Стало ясно, что обстановка на оккупированном Заонежском полуострове круто переменилась, противник учел свои прошлогодние упущения, ввел строгий порядок в передвижении между гарнизонами, очистил прибрежные деревни от населения, превратил побережье в сплошную линию обороны, подступы к которой перекрывались и артиллерией, и пулеметным огнем из дзотов, и прожекторами в ночное время. Прошлогоднего приволья, когда отряд и даже несколько отрядов могли свободно проникать в глубь полуострова и находиться там сутки, двое, трое, теперь для партизан не было. Теперь время действия волей-неволей приходилось ограничивать одной ночью, благо ночи стали такими долгими, что дни воспринимались как короткий промежуток между рассветом и сумерками.

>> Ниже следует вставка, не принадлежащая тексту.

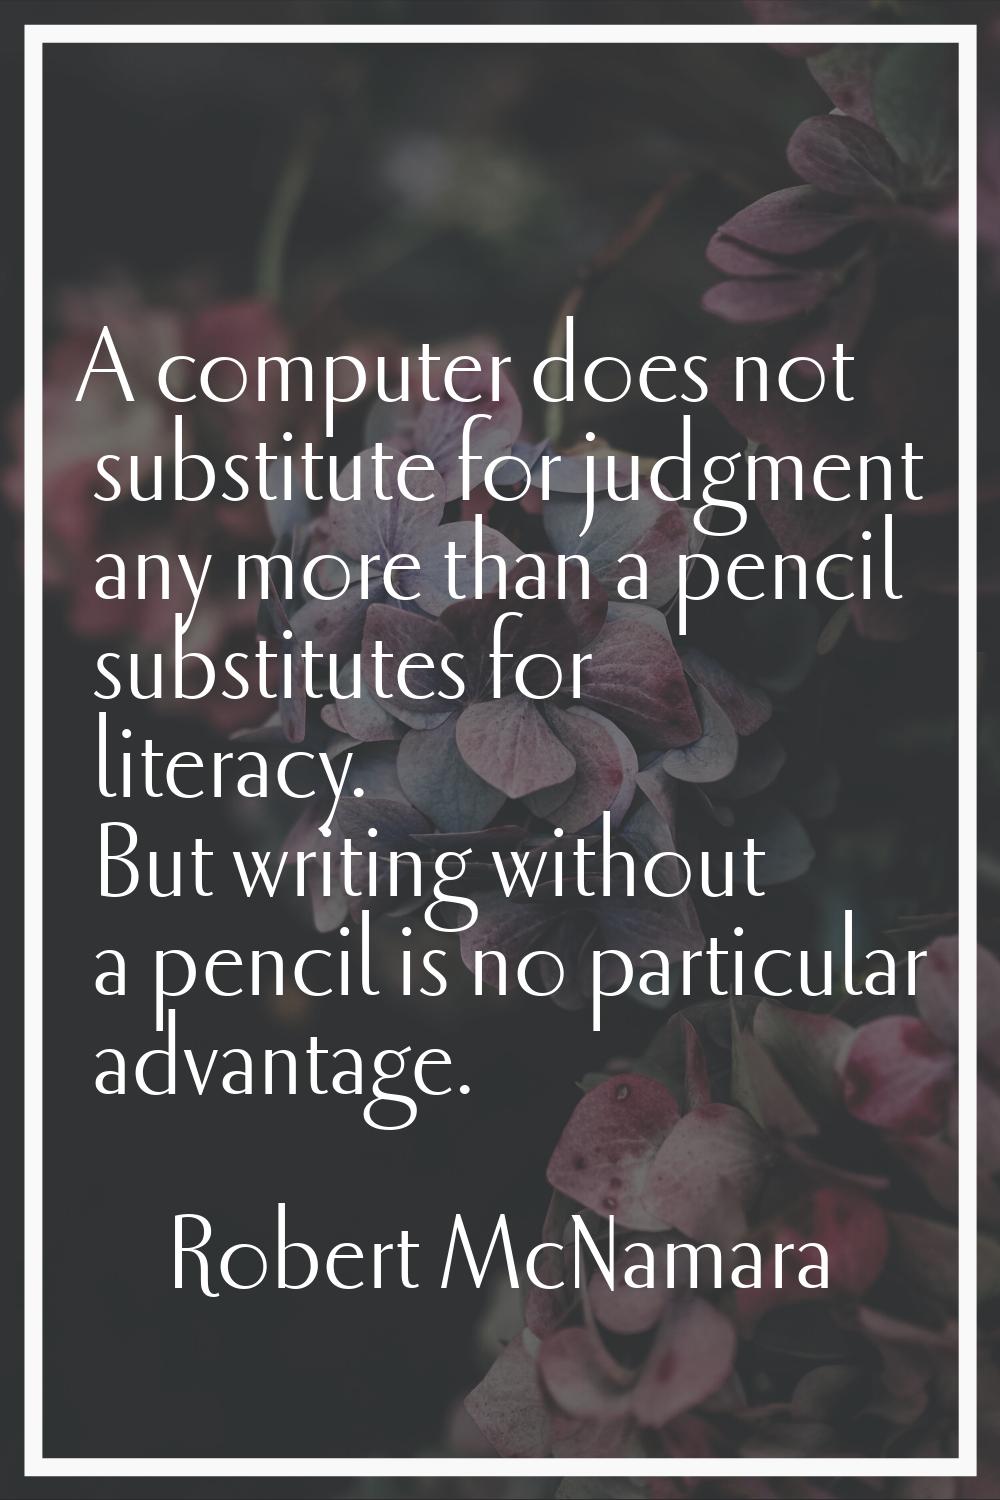 A computer does not substitute for judgment any more than a pencil substitutes for literacy. But wr

Все это прояснилось не само собой и не сразу, а постепенно, от вылазки к вылазке, от операции к операции, когда за каждую удачу нам пришлось платить двумя-тремя горькими неудачами, но и тогда каждый неуспех воспринимался нами, особенно молодыми, как случайность, которая была обидной еще и потому, что радио ежедневно приносило вести о победах советских войск под Сталинградом, на Дону, на Северном Кавказе…

II
Я старался, как мог. Даже ежедневная чистка оружия занимала теперь у меня не больше пяти минут, так как я никуда не выходил из казармы, карабин целыми сутками стоял в пирамиде, не набирался ни сырости, ни грязи, и достаточно было лишь легонько, для порядка, протереть его. А мытье пола и топка печки в казарме стали для меня уже вроде отдыха, тем более что объявился неожиданный помощник.

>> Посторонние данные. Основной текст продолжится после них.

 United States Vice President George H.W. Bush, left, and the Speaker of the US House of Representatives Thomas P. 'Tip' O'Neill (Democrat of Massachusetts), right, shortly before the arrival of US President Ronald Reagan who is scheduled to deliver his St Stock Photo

На другой день после возвращения с озера, когда взвод ушел выкалывать и поднимать на берег вмерзший в лед пиловочник, без которого Шальский лесозавод не сегодня-завтра мог совсем прекратить работу, в казарме неожиданно появился незнакомый долговязый парень с кривой усмешкой на сухощавом, обветренном до шелушения лице. Одет он был странно: бурый от копоти полушубок, на голове ярко-рыжая собачья ушанка, на ногах солдатские ботинки с зелеными обмотками, зато под мышкой он держал новенькие валенки с пришитыми лыжными креплениями — «нюпами», свернутую валиком телогрейку, ватные брюки и белый мешочек с маскхалатом.

— Здорово! — парень подмигнул мне как знакомому, оглядел нары и, сразу найдя единственное свободное место, закинул на верхний ярус свою поклажу. Самозарядную винтовку системы Токарева он прислонил к печке, не снимая полушубка, уселся на мою постель и, тихо чертыхаясь, принялся переобуваться. Я сразу догадался, что он не новичок, что скорей всего это кто-то из ветеранов отряда, к которым я всегда испытывал и любопытство, и невольное уважение, но поведение парня — его ухмылка, подмигивание, хозяйская независимость, похожая на нахальство, — задело меня.

— Не мешало б и доложиться, — сказал я, отставляя баян в сторону. — Я все-таки дневальный. Кто ты такой?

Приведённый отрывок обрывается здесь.